Supplied data:

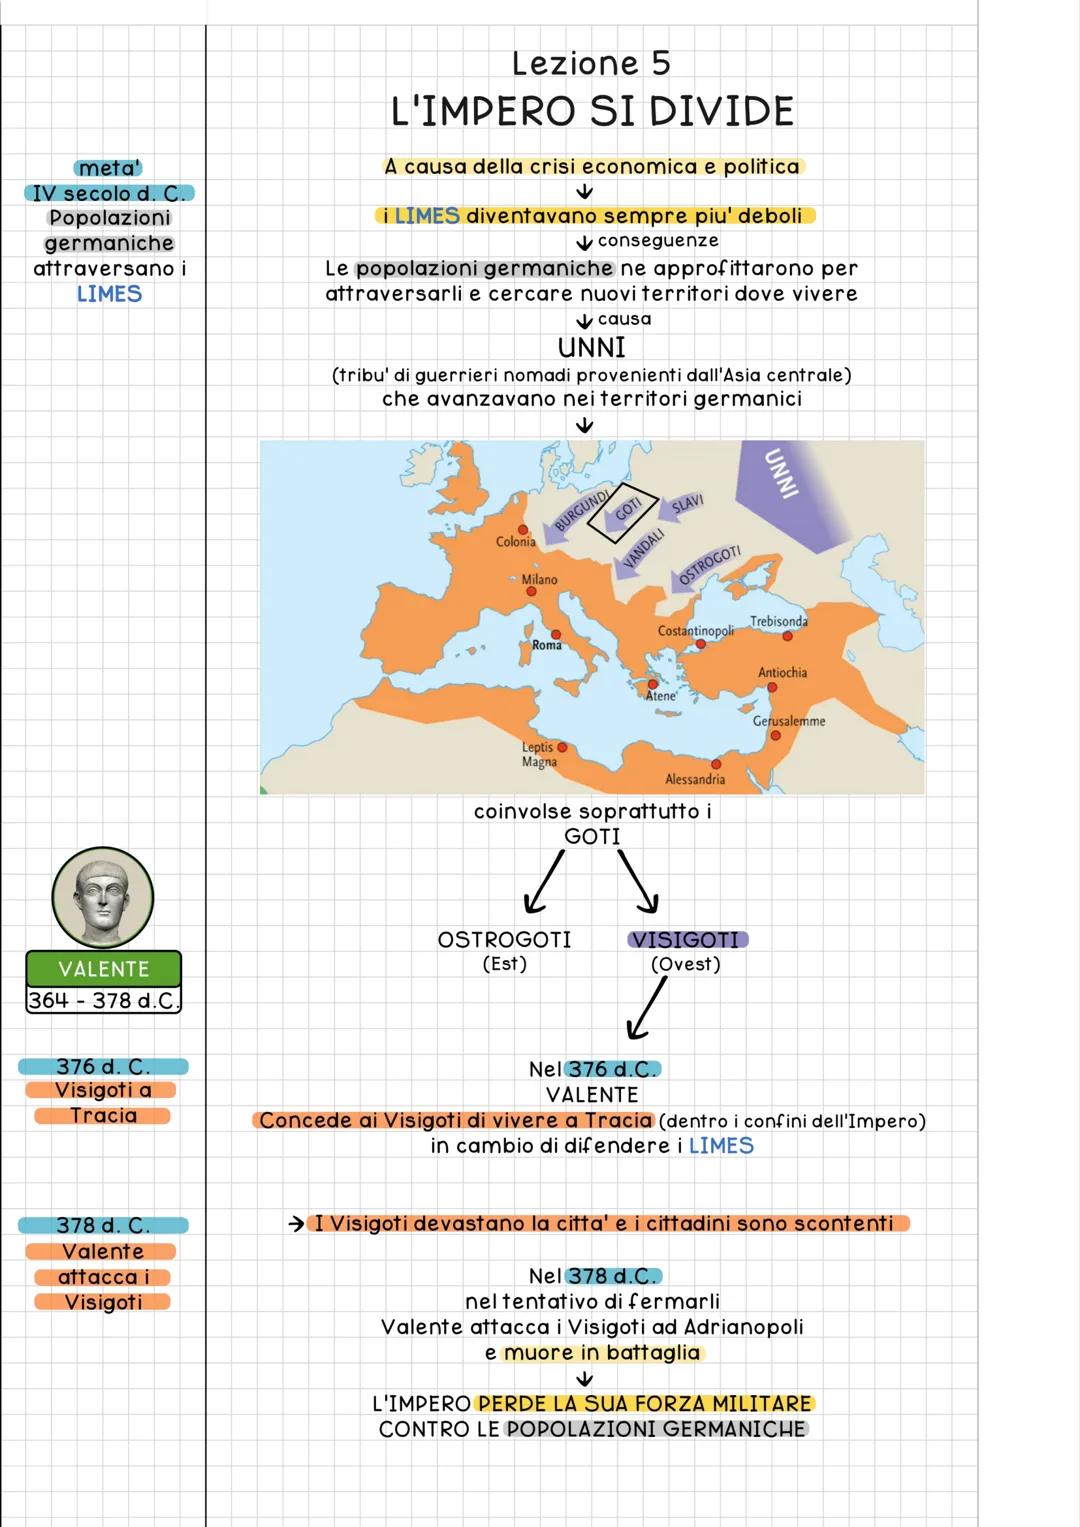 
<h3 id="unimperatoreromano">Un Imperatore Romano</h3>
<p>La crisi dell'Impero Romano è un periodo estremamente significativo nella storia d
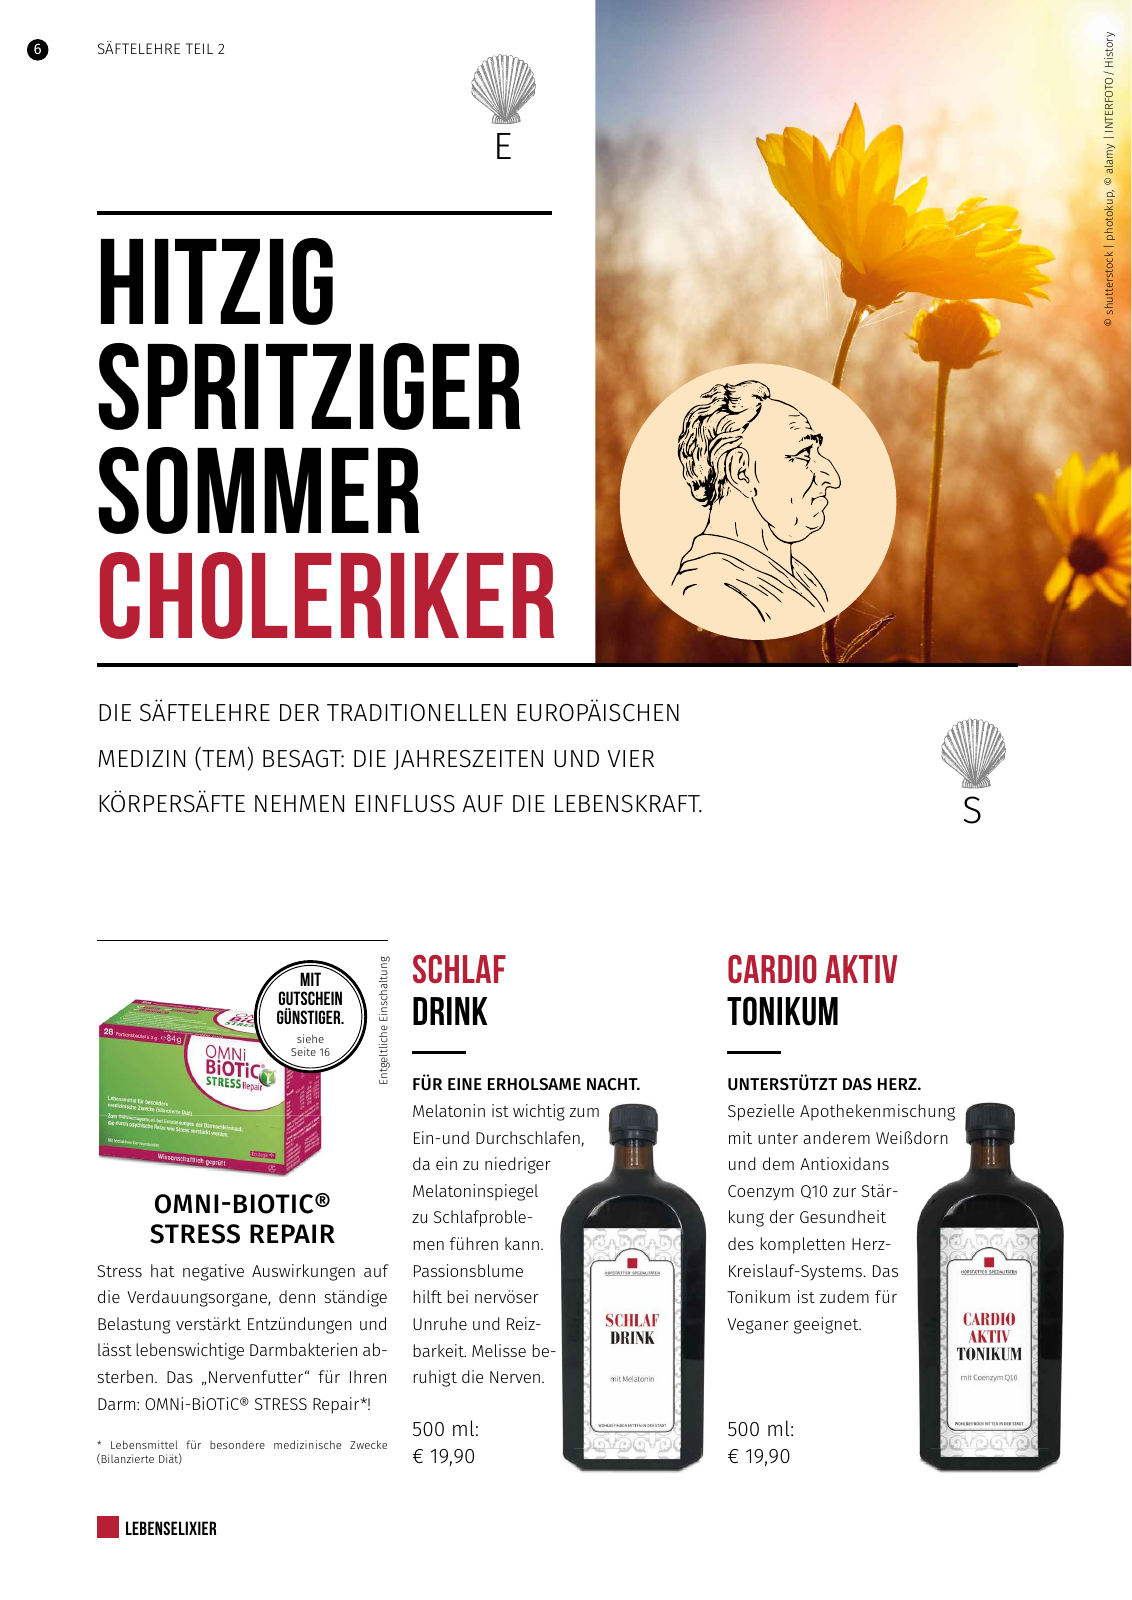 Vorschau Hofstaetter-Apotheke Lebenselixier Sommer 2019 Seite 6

Task statement:
Each line above that contains "Romano" must be copied out.

Task output:
<h3 id="unimperatoreromano">Un Imperatore Romano</h3>
<p>La crisi dell'Impero Romano è un periodo estremamente significativo nella storia d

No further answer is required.